_TASK OBJECTIVE:_ Reproduce, exactly and only, the lines of the data that follows from the one containing "Боді дитячий білого" down to the one containing "van racking metal", without pictures.

_THE INPUT:_
┌────────

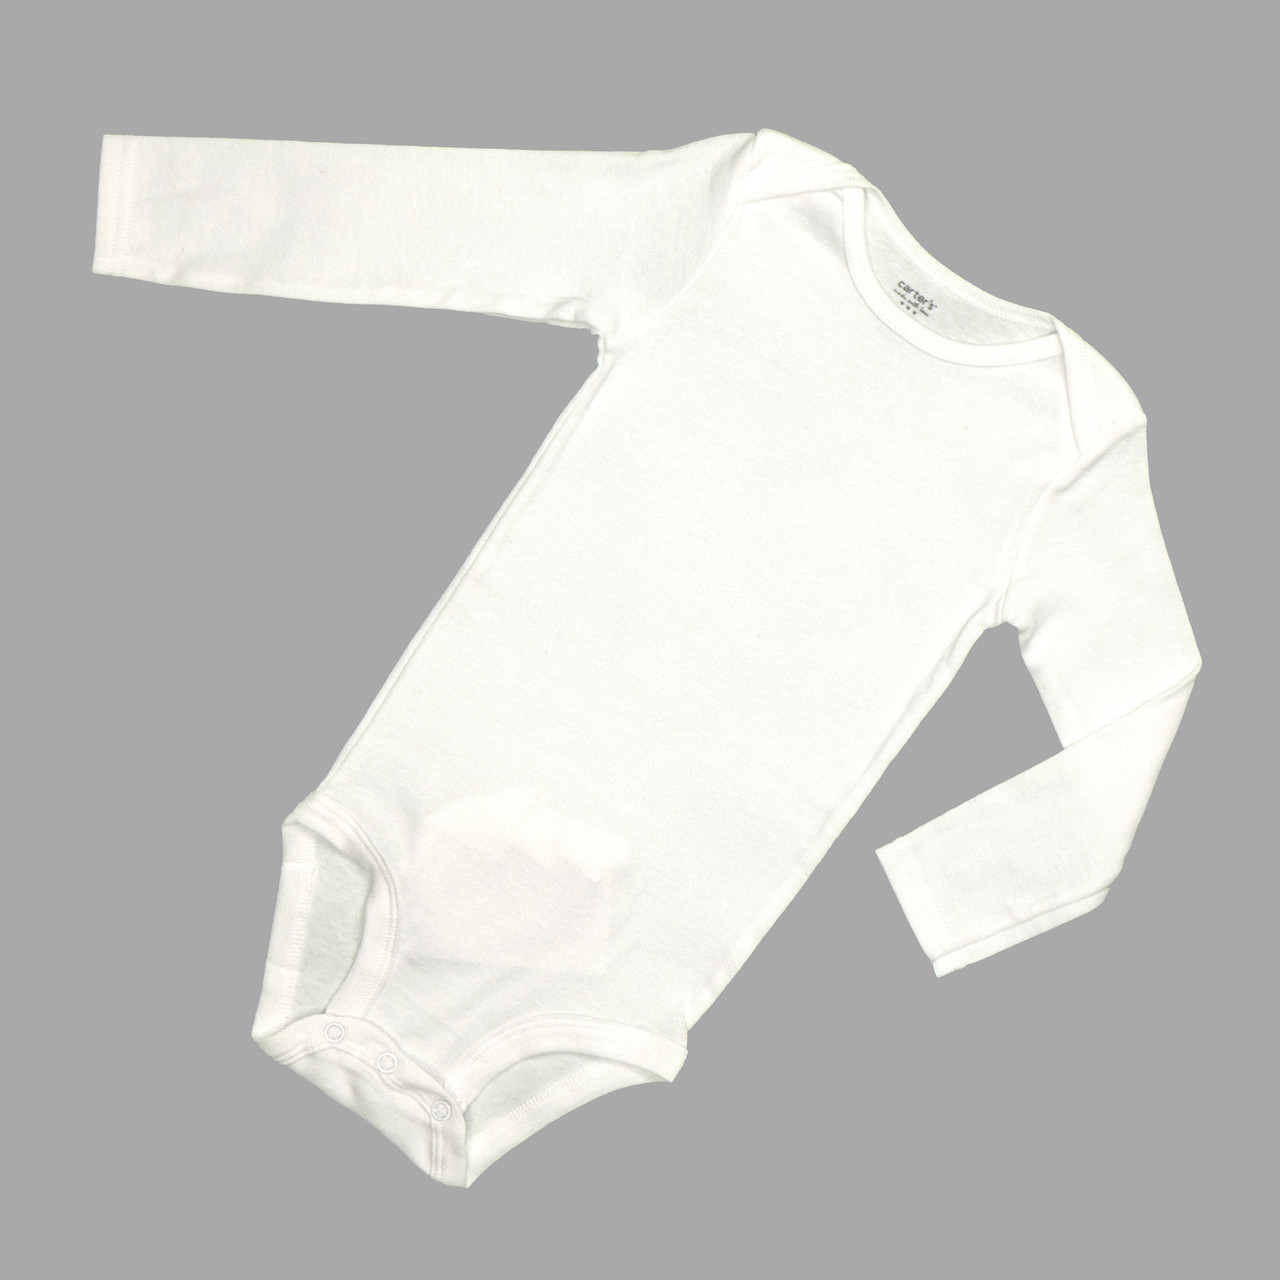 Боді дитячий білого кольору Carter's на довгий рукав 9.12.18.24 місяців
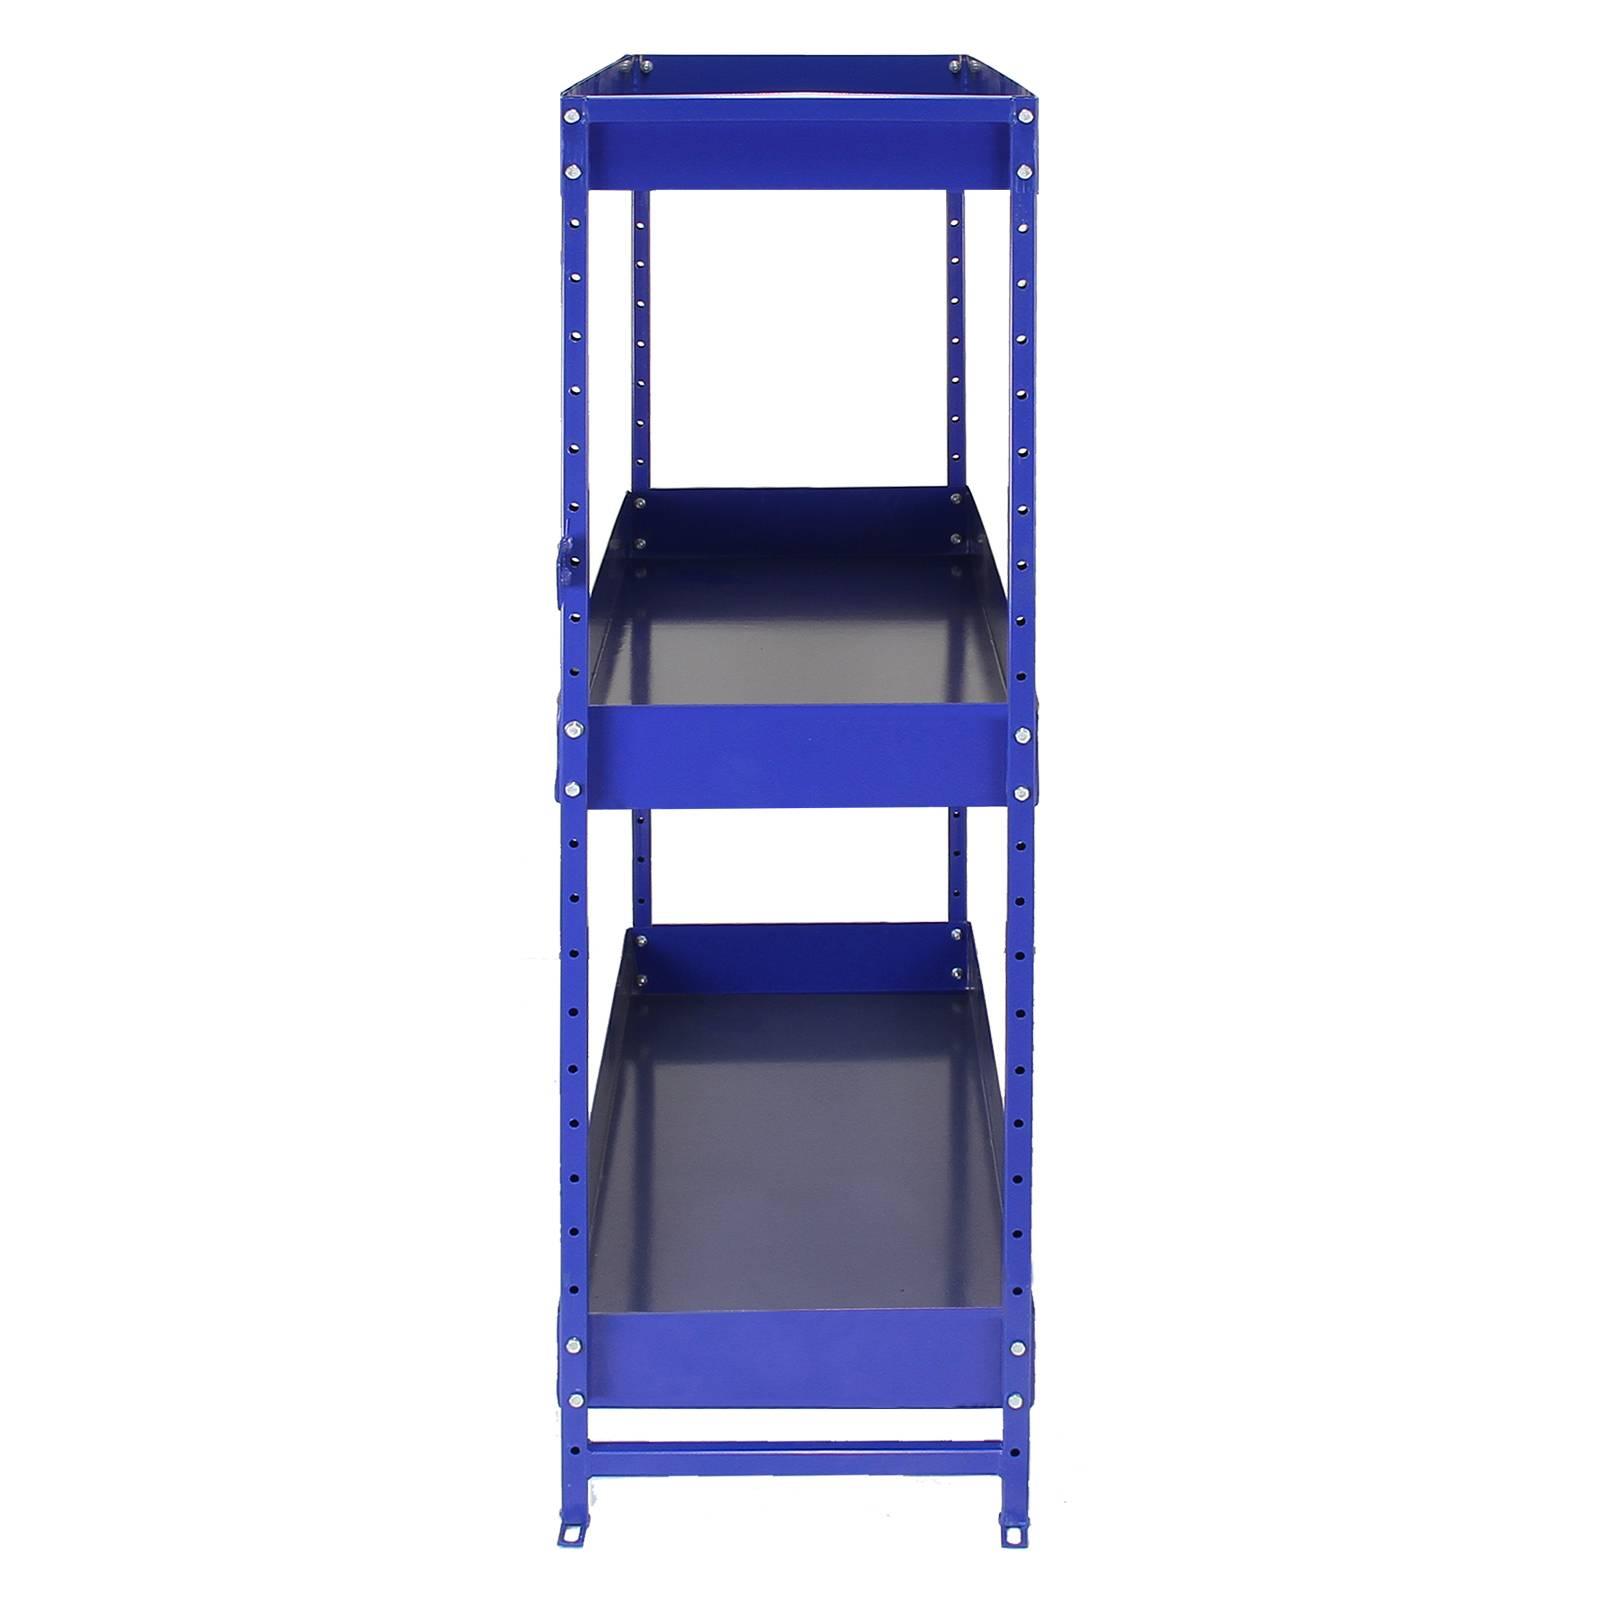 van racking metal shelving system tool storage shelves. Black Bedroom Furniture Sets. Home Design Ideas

└────────
┌────────

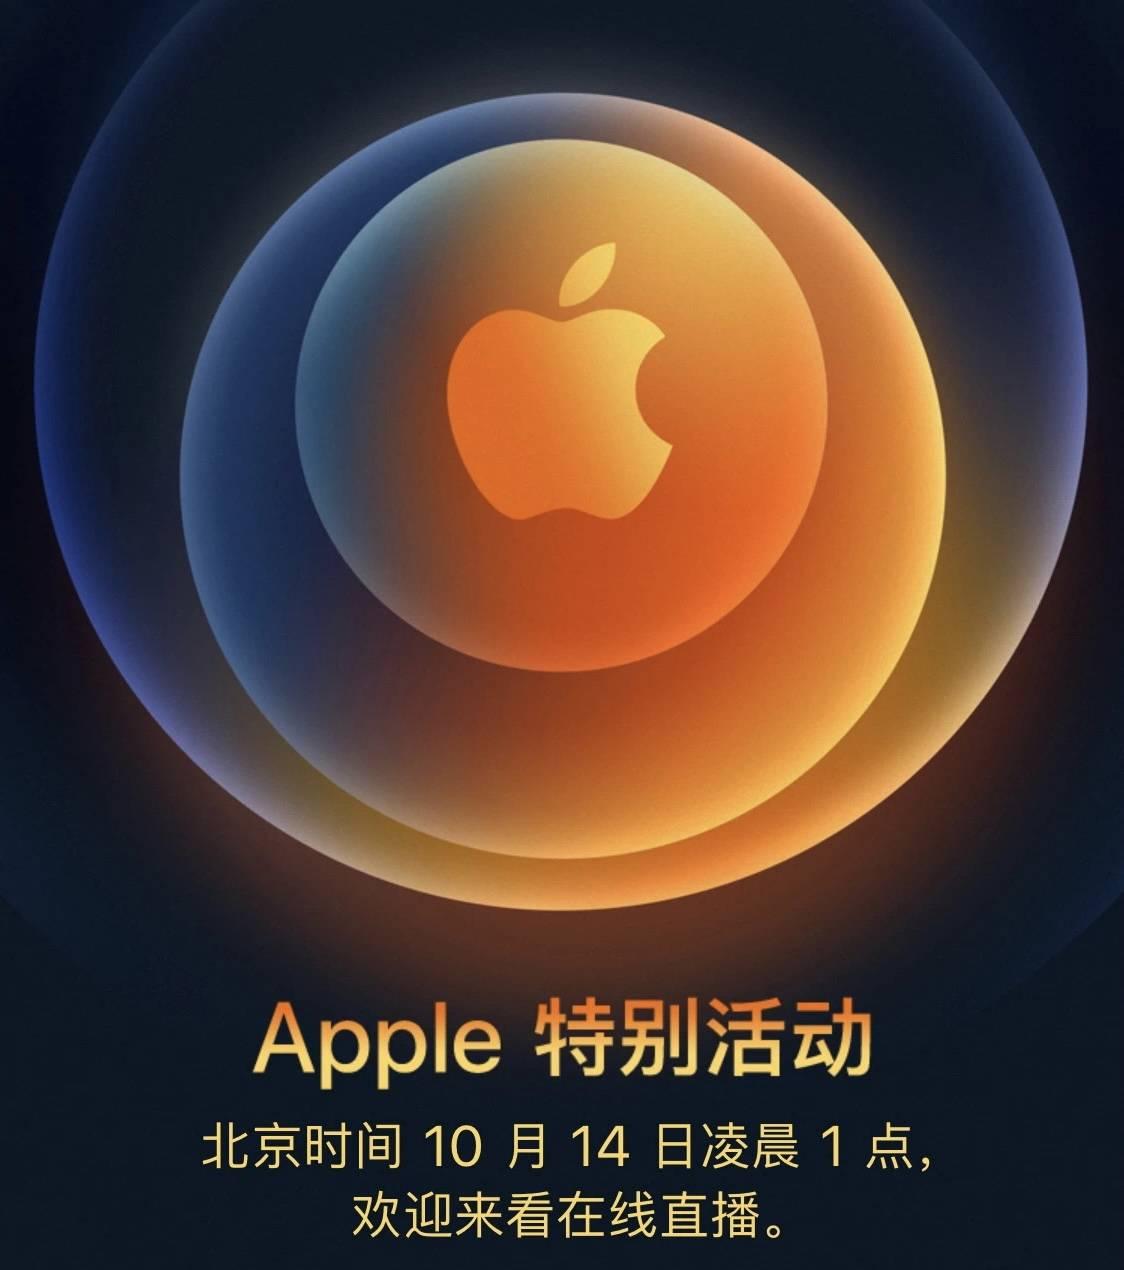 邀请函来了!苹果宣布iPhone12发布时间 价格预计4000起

└────────

_TASK RESULT:_
 Боді дитячий білого кольору Carter's на довгий рукав 9.12.18.24 місяців
 van racking metal shelving system tool storage shelves. Black Bedroom Furniture Sets. Home Design Ideas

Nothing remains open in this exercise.